外見的には異常がないように見えますが、羽ばたきもしないし骨自体が腫れています。レントゲンでも骨の一部に新しい骨を作る反応がなく、くっついていません。位置的には曲がっていないので長時間のリハビリでくっつくことに少しだけ期待しています。

ハシブトガラス
先天奇形の、6月11日の子です。
足を手術して調子が良く野生復帰を期待したとたん、先端部が壊死、骨折し、断脚を余儀なくされてしまいました。
残された足も床ずれで痛み、この足と尾羽で着地し
バランスが取れないので両翼をばたつかせます。結果、全体の羽がすりきれて痛みつつあります。
野鳥の会創始者、中西悟堂は「野の鳥は野に」とおっしゃったので、この子も野に置いて自然に任せる?ということは死ねというものですし。それが自然と言ってしまえばおしまいだけど。

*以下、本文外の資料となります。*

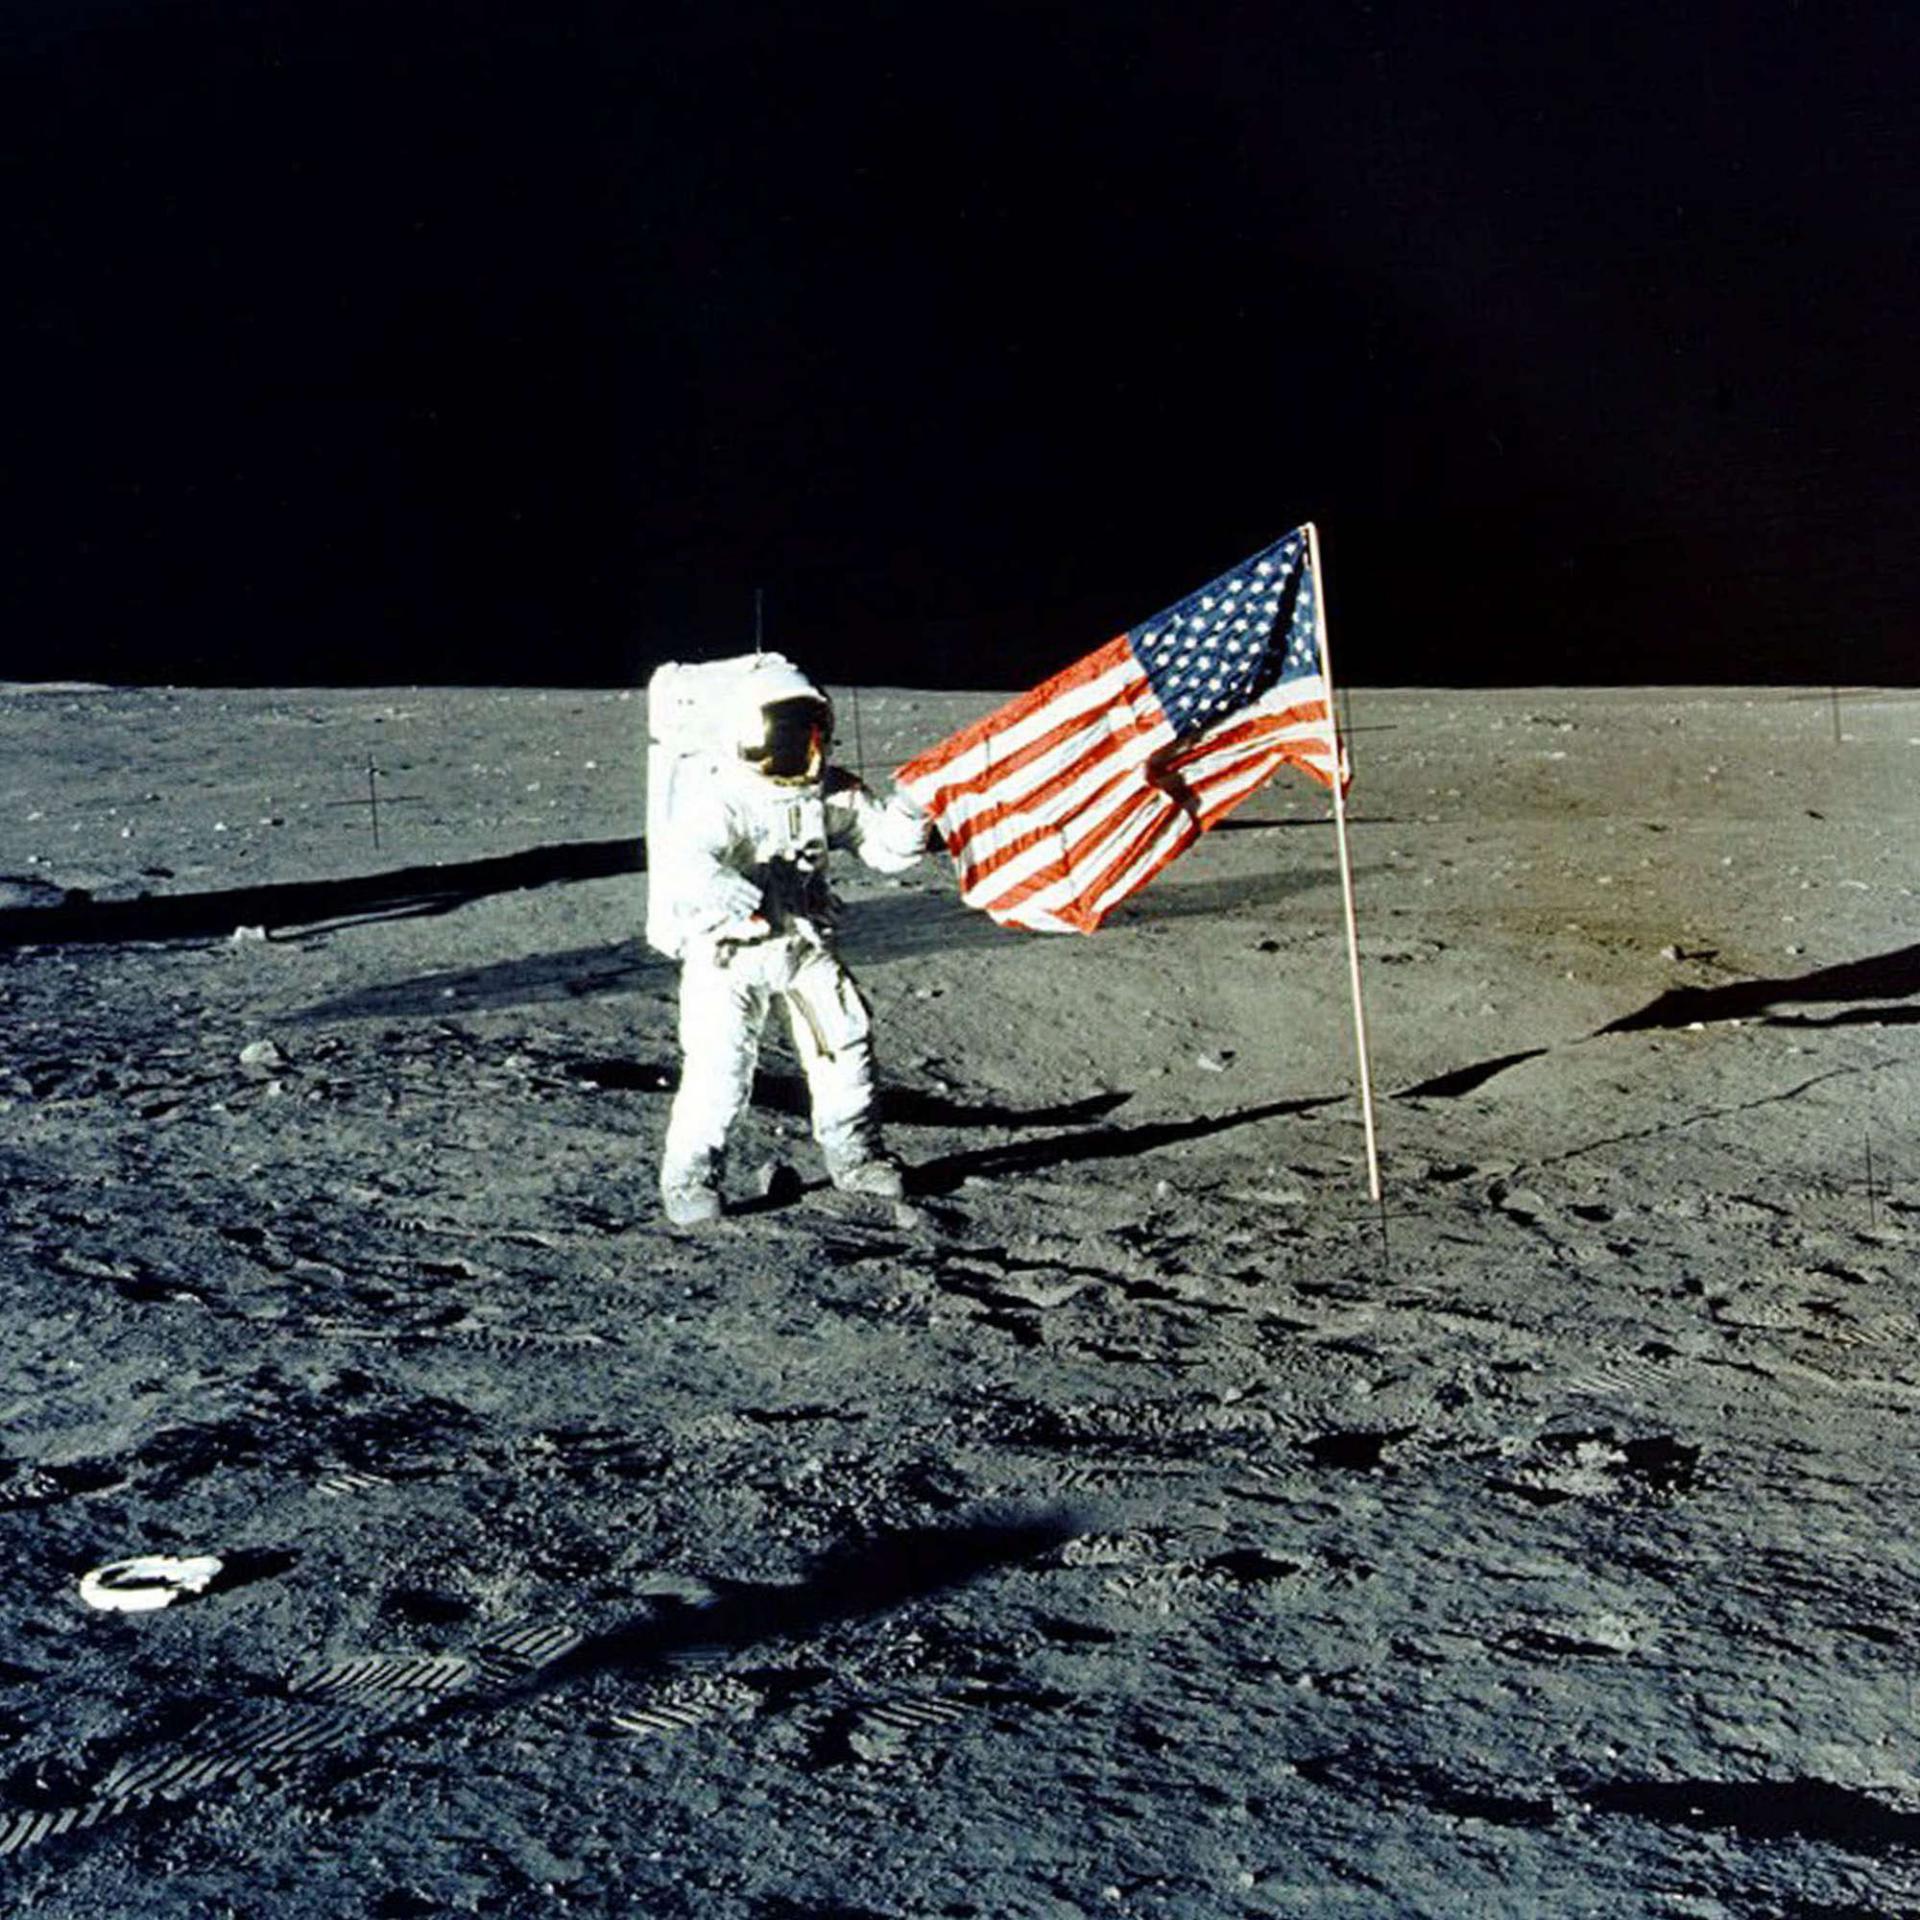 رائد فضاء أميركي في مهمة أبولو 12 يرفع العلم الأميركي على سطح القمر

メールで、全く同じケースを飼育しておられる方から相談がありました。
過去にも同じケースがいくつかあったので、ハシブトガラスではこういう奇形が多いのではないかと思っています。都会で生活しているから目立つ、見つかるのか、親が有害物質を摂取して奇形が生まれるのか、学問的に追及する方はおられないんでしょうか?個人的には有害物質と結びつけたいのですがねえ。
この子の今後については見通しが立たぬまま、また私自身の気持ちの整理もつかぬまま、今しばらく飼育が続きそうです。



ツバメ
2003年7月3日


ツバメがきました。
6月のツバメが急死した後ですので、ちょっと心配していましたが、餌付いて元気にしています。まっすぐは飛びますが方向変換が出来ないようで、気をつけないと壁にぶつかります。以前に外へ飛び出そうとして、ガラスにぶつかり亡くなった事故があったので、十分広いリハビリルームの必要性を感じています。